[Editor’s Note: This article was written by the CTL’s Laurie Hansen.]
One day, my daughter came home from elementary school excited about math. Why? Her teacher, (shout out to Mr. Swanson!) assigned the kids a task: Fantasy Football. Following in the footsteps of a University of Mississippi study which “[i]n 2009, …surveyed 342 middle school and high school students who used fantasy sports in math class” and found that Fantasy Football definitely has an impact on what kids think and feel about math.
So teachers, how would you like to participate in some groundbreaking research? Dr. Kim Beason from the University of Mississippi will lead a study that investigates…
“basic fantasy sport consumer behaviors of youth in grades 5-12 and collect data from youth and teachers on the effectiveness of using fantasy sport in the classroom to teach mathematics and determine the efficacy of the Fantasy Sport and Mathematics system….”
Dr. Beason is “recruiting teachers and students in grades 7-12 (age 12-18) that attend public or private schools that use the Fantasy Sport and Mathematics curriculum from school districts across the U.S. Teachers from the nine U.S. Census Bureau geographic regions will be sent surveys their students should complete during class. The questionnaire should only take 10-15 minutes of your time and your participation is voluntary.” Sound good? The open call for participation will continue through 2011.

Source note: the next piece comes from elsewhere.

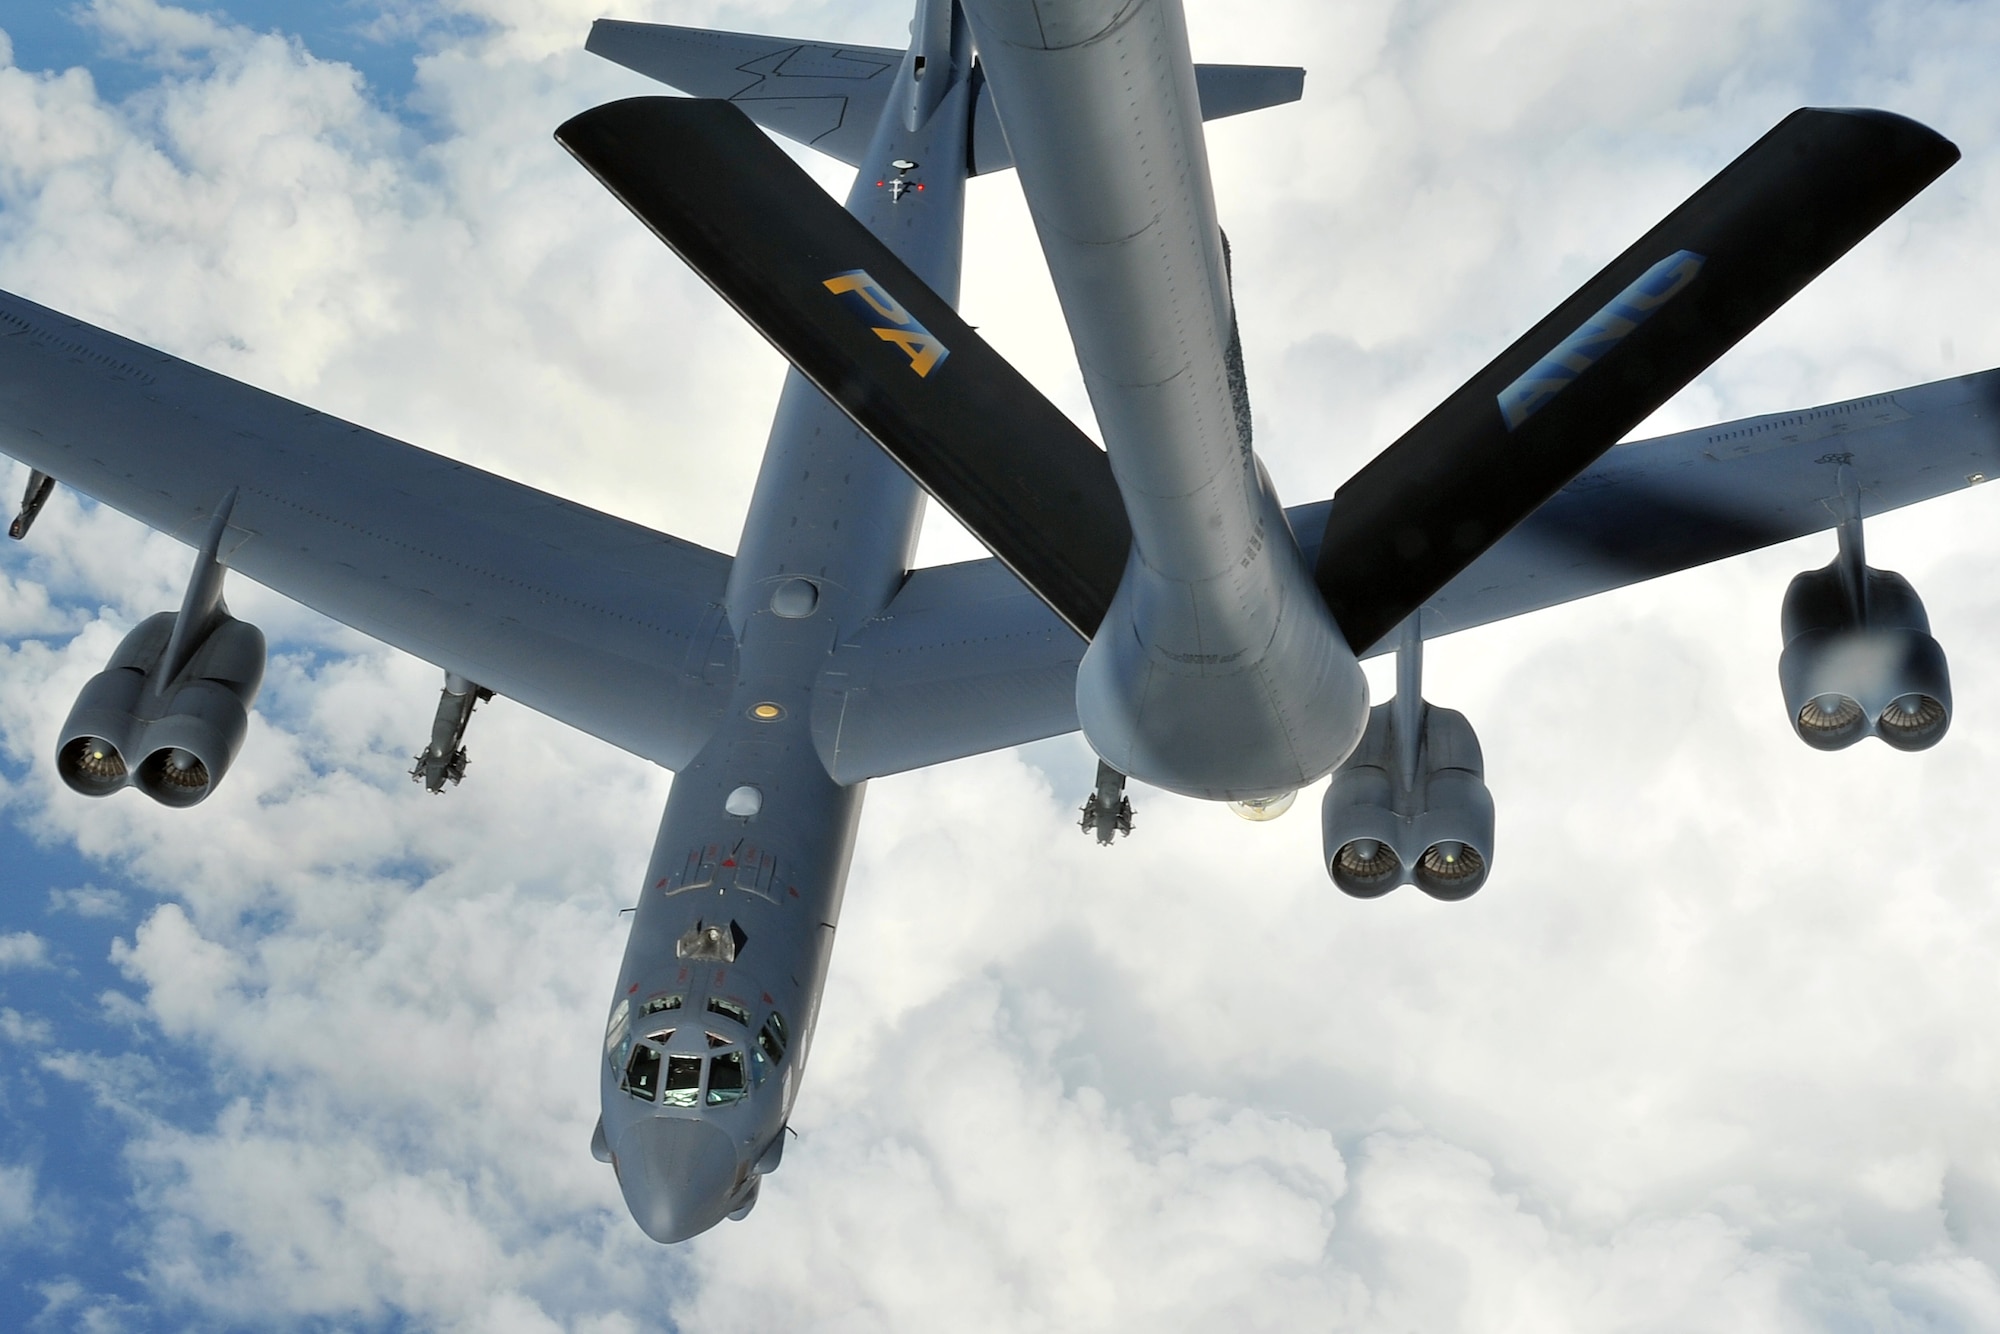 A 20th Expeditionary Bomb Squadron B-52 Stratofortress aircrew detaches from a KC-135 Stratotanker, from the Pittsburgh International Airport Air Reserve Station, Pa., after refueling in the Asia-Pacific region April 16, 2015. The B-52 crews are deployed from Barksdale Air Force Base, La., to Andersen AFB, Guam, in support of U.S. Pacific Command’s Continuous Bomber Presence to strengthen regional security and stability. (U.S. Air Force photo by Staff Sgt. Melissa B. White/Released)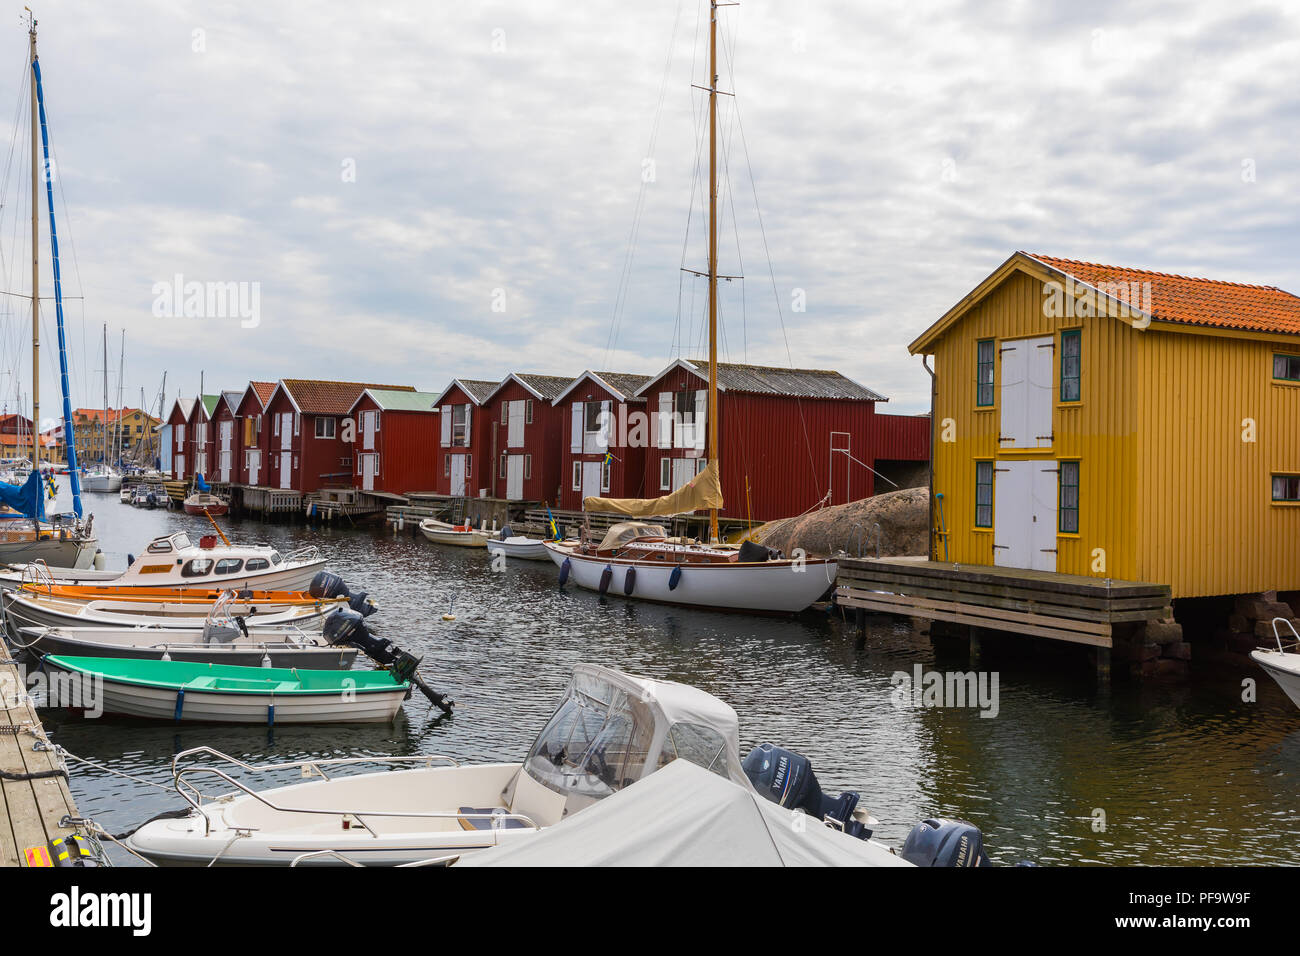 Smögen is a locality situated in Västra Götaland County, Sweden. It is one of the liveliest 'summer towns' of the Swedish west coast. Stock Photo

- NFL Fantasy Football FAQs for beginners
- Find out more about the OleMiss study here!
- Take it to the next level – Tips from MIT grad students
- Bring language arts into the mix and have your kids write a Fantasy Football poem, uh, rap?
Let the math begin!
Innovations Lab 
Laurie and others,
Thanks for the post! The results look good enough that this is worth looking into further. Games and simulations are good ways to help students become interested in mathematics. Traditional math education bores many students because the math is often presented dryly. And with little focus on meaning and understanding, students come to believe that math is nothing but manipulating meaningless symbols according to arbitrary, meaningless rules.
But we should take caution when deciding to introduce games and applications in a math course. We should use a variety of them to reach out to as many students as possible. No matter what game, some students will not like it. No matter what application, some students will not understand it or find it meaningful or applicable. One discussion question in a general education math course elsewhere deals with an application of economics, but just about all of us during Summer 1 of this year–including me–found it difficult to get any meaning from the discussion that week because that particular application is meaningless to those whose background in economics is superficial, which was the case for nearly every one of us.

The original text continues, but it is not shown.